Цицианов внимательно посмотрел на Соколова. Его удивило, что это уже известно в Москве. Хотя он предполагал, что ямщик распустит язык, но не знал, что это скоро дойдет до полиции.

Степан увидел, что это сообщение абсолютно Цицианова не смутило.

– Так что, князь?

– Действительно на меня напали разбойники. И что с того?

– А с того, что странности были некие в этом нападении. Ты, видать догадался, что твой ямщик язык в кабаке распустил. Расскажи мне про то подробнее.

– А откуда тебе про сие известно, Степан Елисеевич? Неужто, ты сам ямщиков допрашивал?

– Нет. Мне про то один старый знакомый рассказал, князь. Но ты на вопрос не ответил.

– Тебя предупредили, чтобы не доверял мне? Мол, с разбойниками знакомство водит. Так? – усмехнулся князь.

– Так ты мне расскажи про все князь, и я всякие сомнения отброшу относительно тебя.

 

– Некто пытается заставить нас подозревать друг друга. А дело вот как было, Степан. Атамана разбойного действительно я знавал в прошлое время. Ведь я во время прусской войны служил в драгунах и там был у меня один вахмистр по фамилии Рокотов. Я ему жизнь спас, когда двое прусских кирасир практически порубили его. И вот где удалось встретиться.

– А как драгунского вахмистра занесло в разбойники, князь?

– Ну, это тебя не должно удивлять, Степан. Такого в российской жизни у нас хватает. Тебе ли не знать того. А не рассказал я тебе про тот случай, потому что не хотел вахмистра выдавать. И надеюсь, ты его фамилии также, где не следует, произносить не станешь.

– Это дело до меня не касаемо, князь. И ежели, так оно было, то более к сему разговору возвращаться не станем.

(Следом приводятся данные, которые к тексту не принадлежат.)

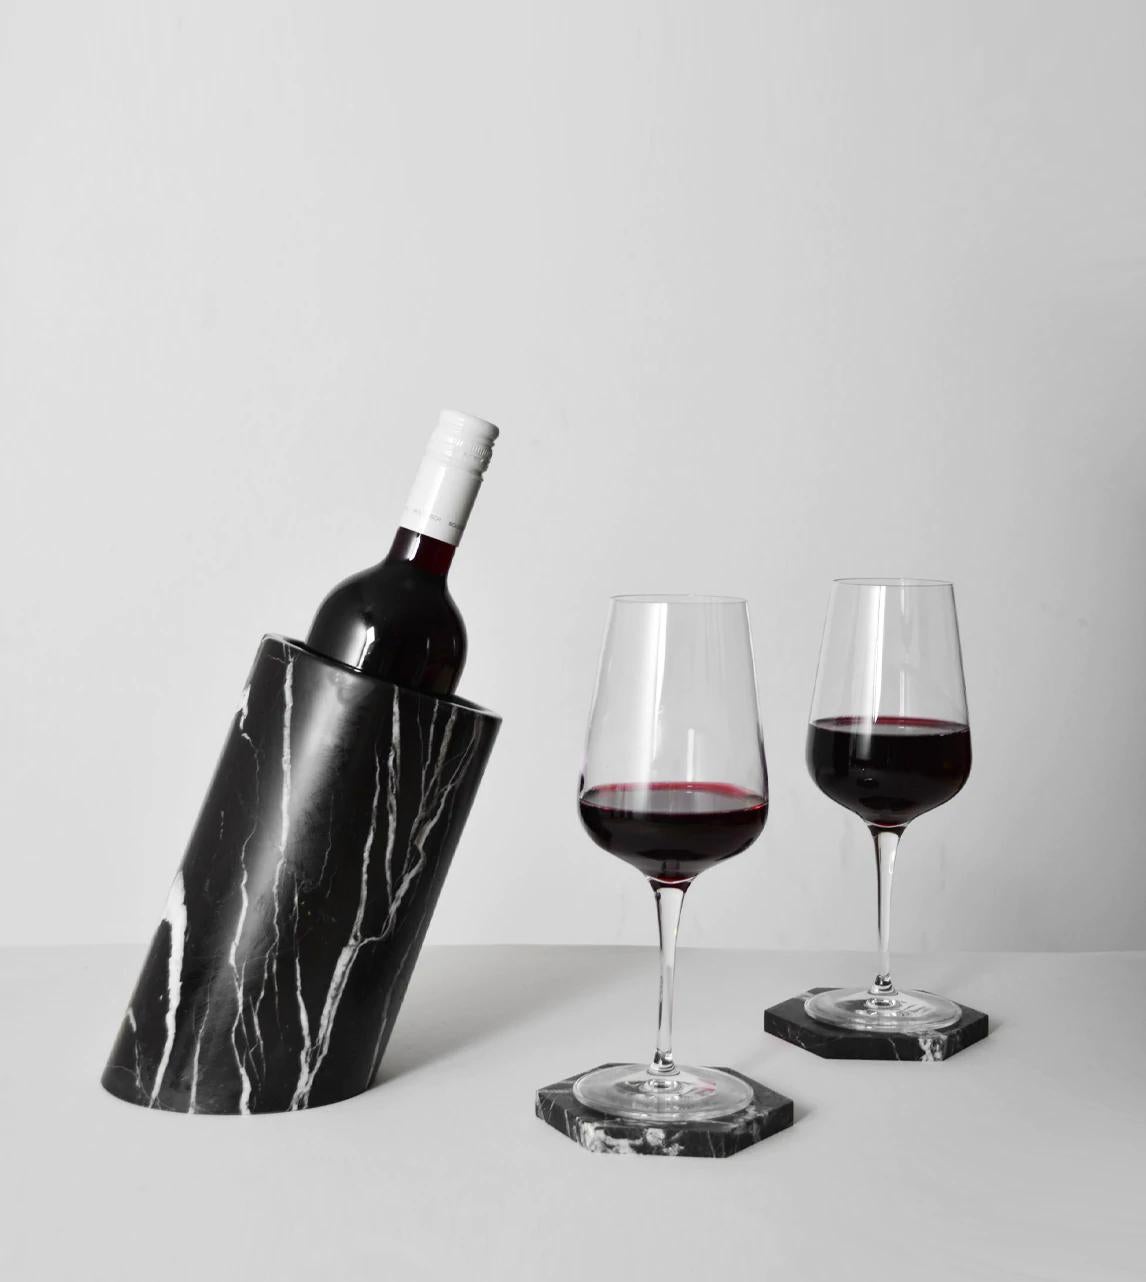 Our wine cooler is designed by us and hand crafted by the artisans within the fair-trade principles.

The natural properties of the marble will keep your wine chilled with no need for ice - you can also place this marble cooler in the fridge for

– В том, что так оно и было, могу дать тебе мое слово дворянина, – произнес Цицианов.

– Этого достаточно, князь. Для меня, но иные об том также узнать могут. Хотя слова ямщика, да еще и пьяного, вряд ли кто примет. А мое доверие к тебе не пошатнулось.

В двери постучали. Соколов ответил, что войти можно. Створки с легким скрипом распахнулись, и на пороге появился курьер.

– Его высокоблагородие господин Гусев из Тайной экспедиции к коллежскому секретарю Соколову передал вот это, – и курьер протянул Соколову письмо.

Тот схватил его и разорвал конверт. На бумаге было написано только несколько слов:

«Степан Елисеевич,

Полицейский урядник Пафнутьев, до которого у вас с князем дело было, сегодня утром был найден мертвым. Ежели, что подробнее узнать хочешь. Приезжай.

Гусев».

Соколов побледнел и посмотрел на князя.

– Что такое? – спросил Цицианов.

– Полицейский урядник Пафнутьев умер, – ответил он.

– Что значит – умер? – вскричал князь. – Да я вчера с ним говорил, и он был жив и здоров.

– Его утром нашли в пять часов у трактира, – ответил курьер. – Подьячие как раз мимо шли и увидели тело знакомое. Глядь, а то и вправду наш Пафнутьев.

– Отчего он умер? – спросил Цицианов. – Что за наваждение такое?!

– Дак ножом его пырнули в бок. Поздно в трактире засиделся, и вышел когда тьма была. Тут его сердешного и подрезали. Ну и ограбили.

–Ладно, иди! Передай Гусеву, что я днем у него буду. Вот тебе за труды, – Соколов сунул курьеру полтину.

Тот поблагодарил и ушел.

– Что скажешь на сие, Степан? – Цицианов посмотрел на Соколова. – Тут тебе не Мишка! Вот она настоящая ниточка где. Убит полицейский, который кое-что знал! И такое знал, что наше дело быстро бы с места сдвинулось. Вот его и убрали.

– Да погоди ты делать выводы, князь. А если это простое ограбление? Загулял мужик в трактире. Вышел поздно, вот его разбойники и убили. Такое каждый день в Москве происходит.

–Не верю я в такую случайность, Степан, – начал горячился князь. – Вчера я к нему приехал в приказ и увел его в трактир. Он мне много чего порассказал и сегодня должен был прибыть сюда. Показания писать! И вот тебе!

– Может ты и прав, а может, и нет, – ответил Соколов. – Сие точно утверждать пока нельзя.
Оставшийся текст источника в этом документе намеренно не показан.